Книга на столе раскрыта на любимых строчках: «Ну, а ты? Что ты сеял? Где и как ты готов встретить зрелости время, время сбора плодов?»
И отчего это под шорох листопада одолевают человека воспоминанья. Художник прикрыл глаза. Вот оно, минувшее лето, такое недавнее и уже невозвратное…
У санатория большой сад. Шагнешь с крыльца, как будто не в траву, а в небо: путаница стеблей и листьев, одетая тончайшей пленкой влаги, отливает цветом голубиного пера: один за другим, как лазоревые парашюты, расщелкиваются бутоны цикория. В саду еще держится ночная свежесть. В дальнем уголке, под деревом привязана пегая корова. Оглянулась на шаги, вздохнула шумно, как паровоз…
И вдруг со дна души встало позабытое, детское: взятые без разрешения, ненароком потопленные в весенной грязи братнины кавуши; жесткие кулаки брата, после – полутемный хлев и теплое дыханье коровы – в затылок рыдающему «преступнику», и ее взгляд, бездонно-черный, важный, как у муллы…
А сад обступает, уводит все дальше. Аллея, как зеленая река, тополя, высокие, трепетнолистые, словно бы струятся и текут под ветром. Отражение сада в арыке переливается, точно маргиланский атлас. На траве, золотой от солнца, лежат зеленые тени. Чинара светится: лучи пронизывают всю громаду его листвы. Над вершинами деревьев, величаво, медлительно, плывет парусный флот облаков.

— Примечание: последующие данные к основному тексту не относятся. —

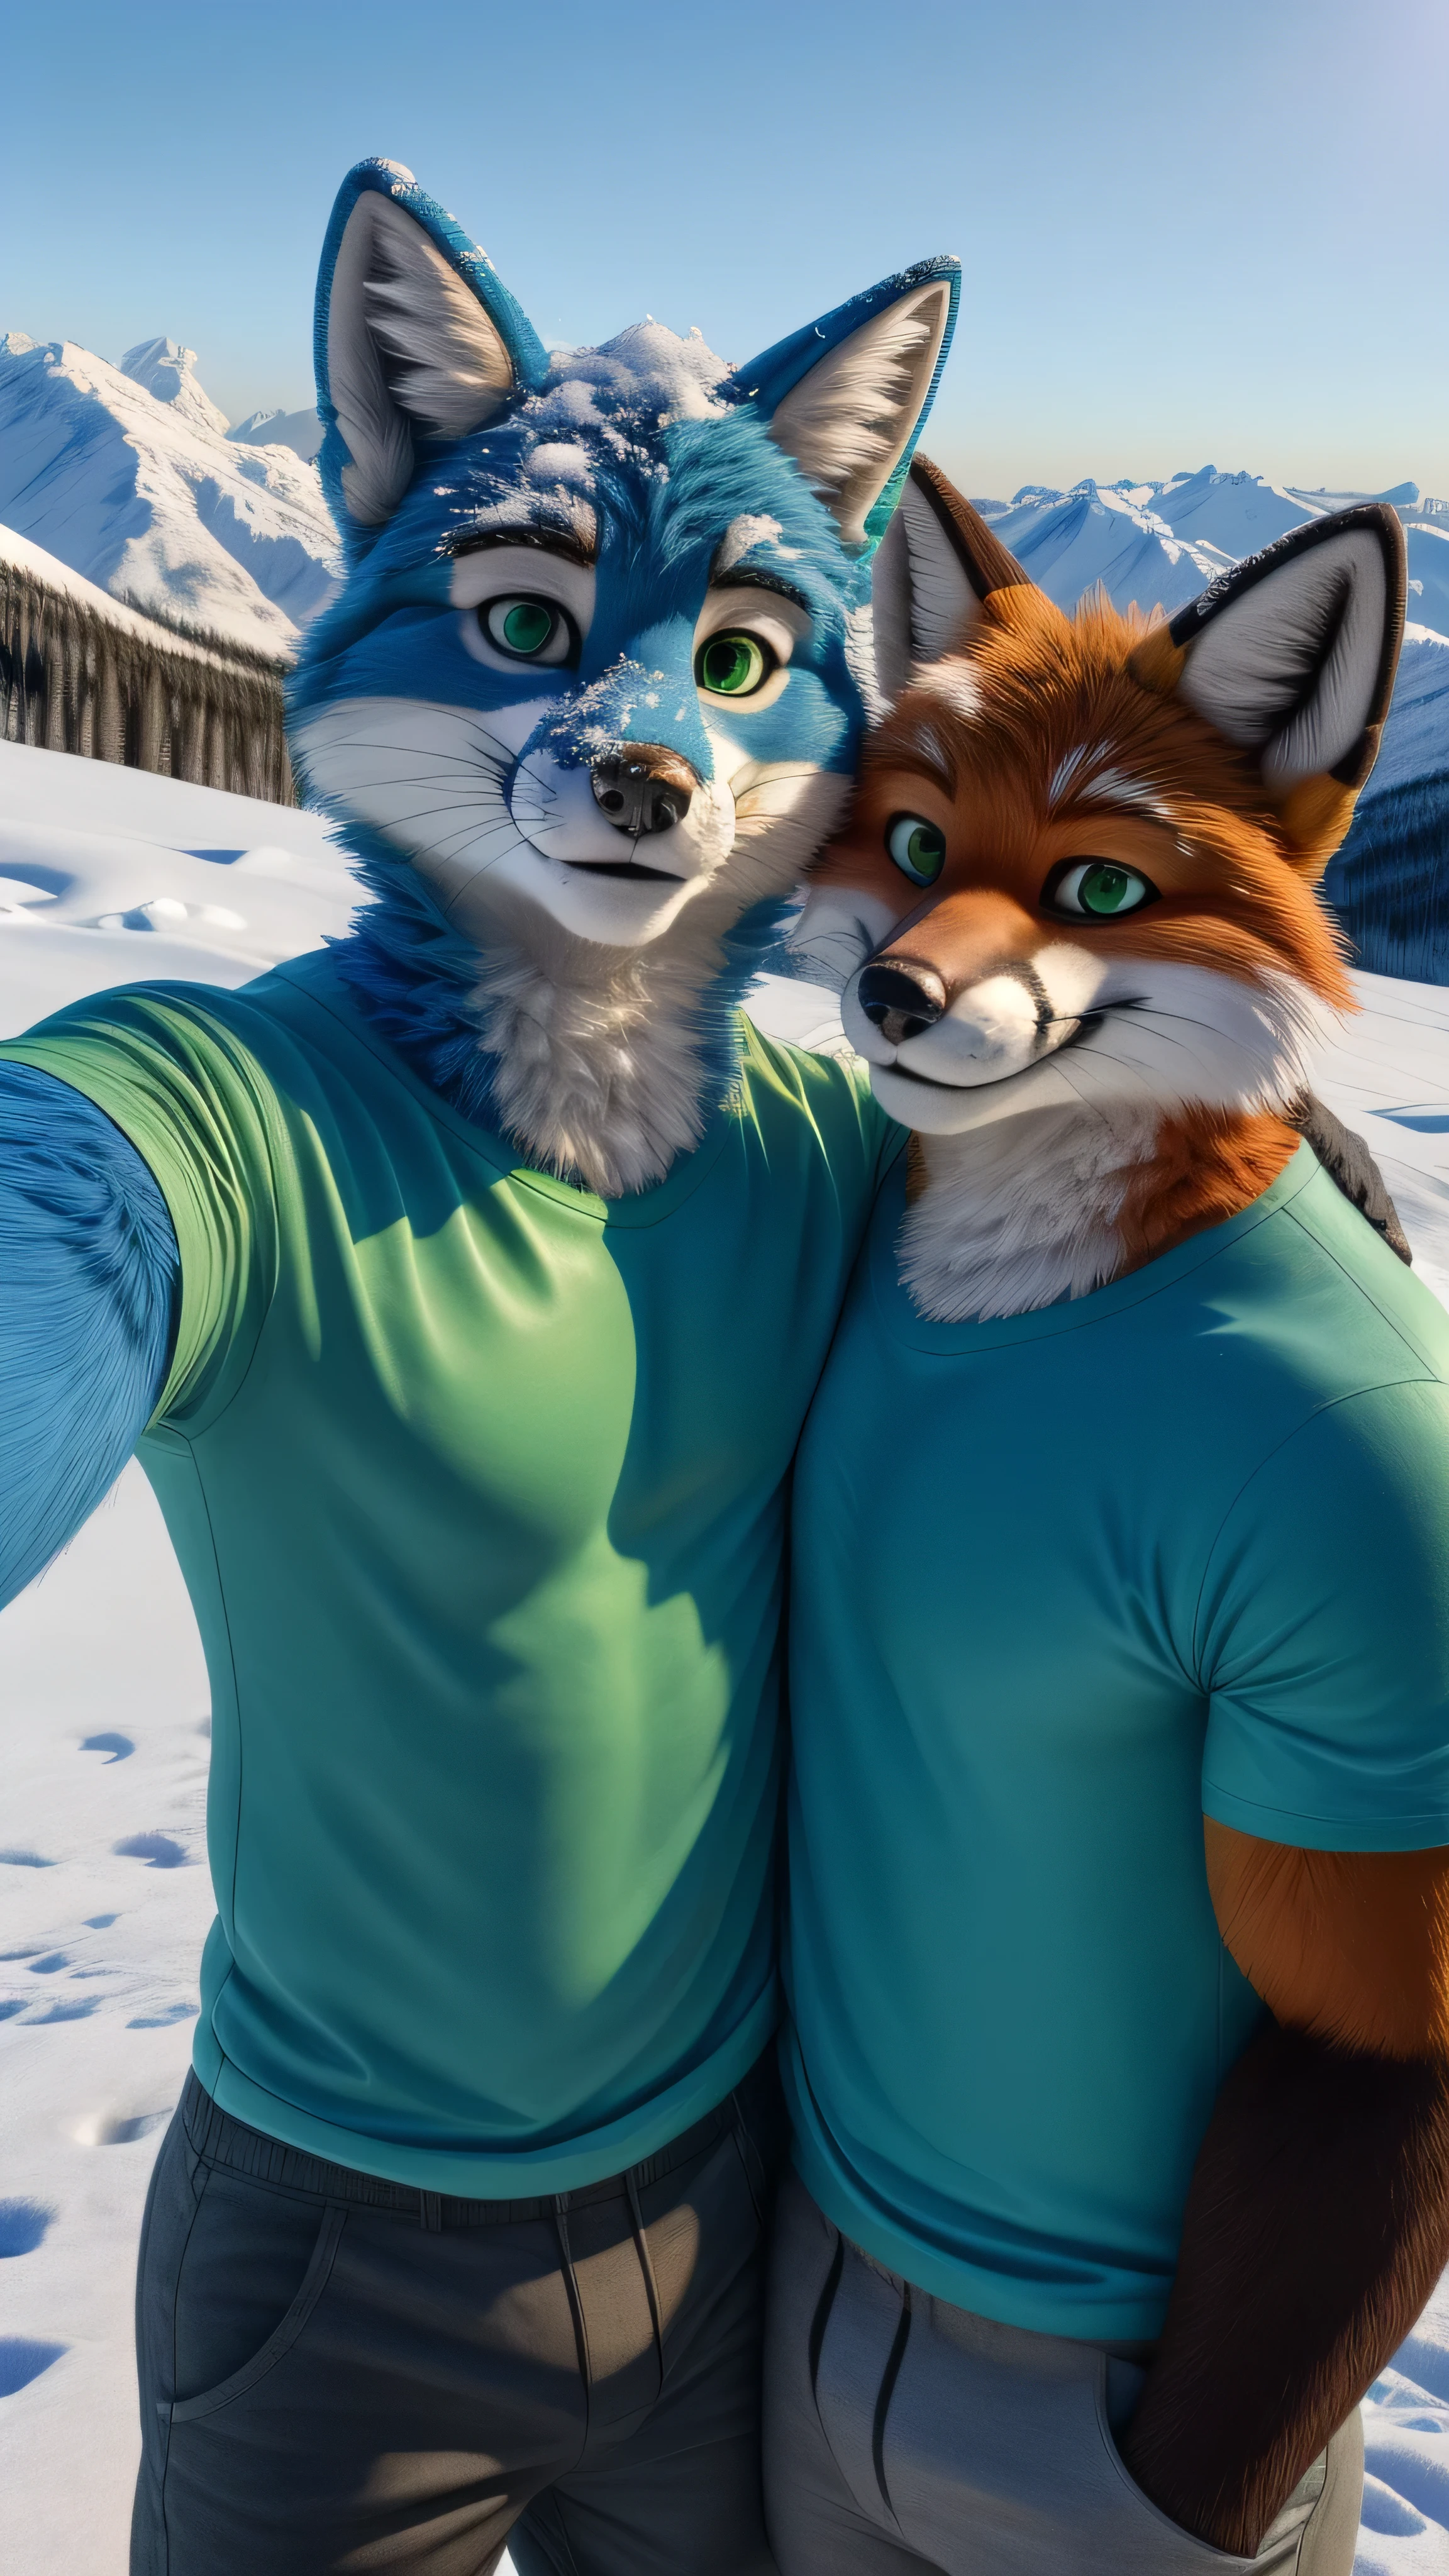 22세의 미국 근육질 성인 남성 Fox Fursuit는 알래스카의 눈 덮인 배경에서 스마트폰을 들고 셀카를 찍고 녹색 티셔츠와 긴 바지를 입고 녹색 눈과 파란 털을 입고 가장 친한 친구와 함께 카메라를 향해 웃고 있습니다. (듀오:1.1)

Кончился сад. За решетчатыми воротами – поле. Над полем гуляет ветер, переворачивает листья белесой изнанкой кверху. Рябит, сверкает, переливается вся зеленая гладь. Скоро начнет открываться курак, освобождая белые звезды…
Дальше, дальше. За поворотом дороги открывается взору вся долина. Перед ним родной пейзаж в его прекрасной простоте.
Гладь поля, завершенная купами деревьев. И опять поле, и опять пересекающий его темный гребешок тутовых посадок. И вдали так же, полосами, чередуются сады, поля. Дальше – палевые предгорья, адыры, горы, лежащие складками, величавая мантия земли. И туда, к горам, убегают рельсы, сверкая на солнце, точно лучи лазера…
Сколько чудес рукотворных в этом пейзаже! Сладкой горной водой и соленым потом полито это поле.
Никто еще не передал всей его красоты! Почему мысль человека быстрей, чем его руки?
Врачи сказали: подальше от раскаленного асфальта, побольше созерцания, поменьше работы. Но ведь не запретили же совсем! И разве будет плохо, если он, художник, чтоб не отвыкла рука, начнет набрасывать портрет Даврона-ата, знатного хлопкороба, благо, судьба (или возраст?) свела их в это лето под одной крышей.
…Они располагаются в зале, совсем безлюдном в этот час, Даврон-ата, не без сожаления, оставляет за порогом кетмень: после завтрака успел на подсобном хозяйстве санатория поработать немного.
– Все трудитесь, ата, не в силах одолеть вас старость?
– Э, сынок! Не говори мне о старости! Это она увела старика от родимого поля! Но иногда я поступаю ей на зло: она гнет, я выпрямляюсь!
Усадить его в кресло, вот так, у окна, – нужен боковой свет. Старик в халате из чесучи, надетом специально к сеансу. Рука его лежит на колене, совсем коричневая, как поздний осенний лист. Ярки колодочки орденов. Художник задумывается. И вдруг, точным и мягким движением, кисть касается полотна…
Трудно идет работа. Должно быть, в зале темно. Тот, кто на холсте, – темен, сумрачен, деревянен.
– Прошу вас, Даврон-ата, перейдем в сад!
В тени деревьев свет зелен и прохладен, как вода в аквариуме. Совсем иные краски, оттенки, рефлексы. Все придется переписать…
Стиснув зубы, он начинает заново. Старик, заскучав, говорит неожиданно:
– Устал я от шума. В поле тихо: слышно, как облака собираются в белые стада. А тут непрестанный ветер, с гор, – шипит, как змеиный царь!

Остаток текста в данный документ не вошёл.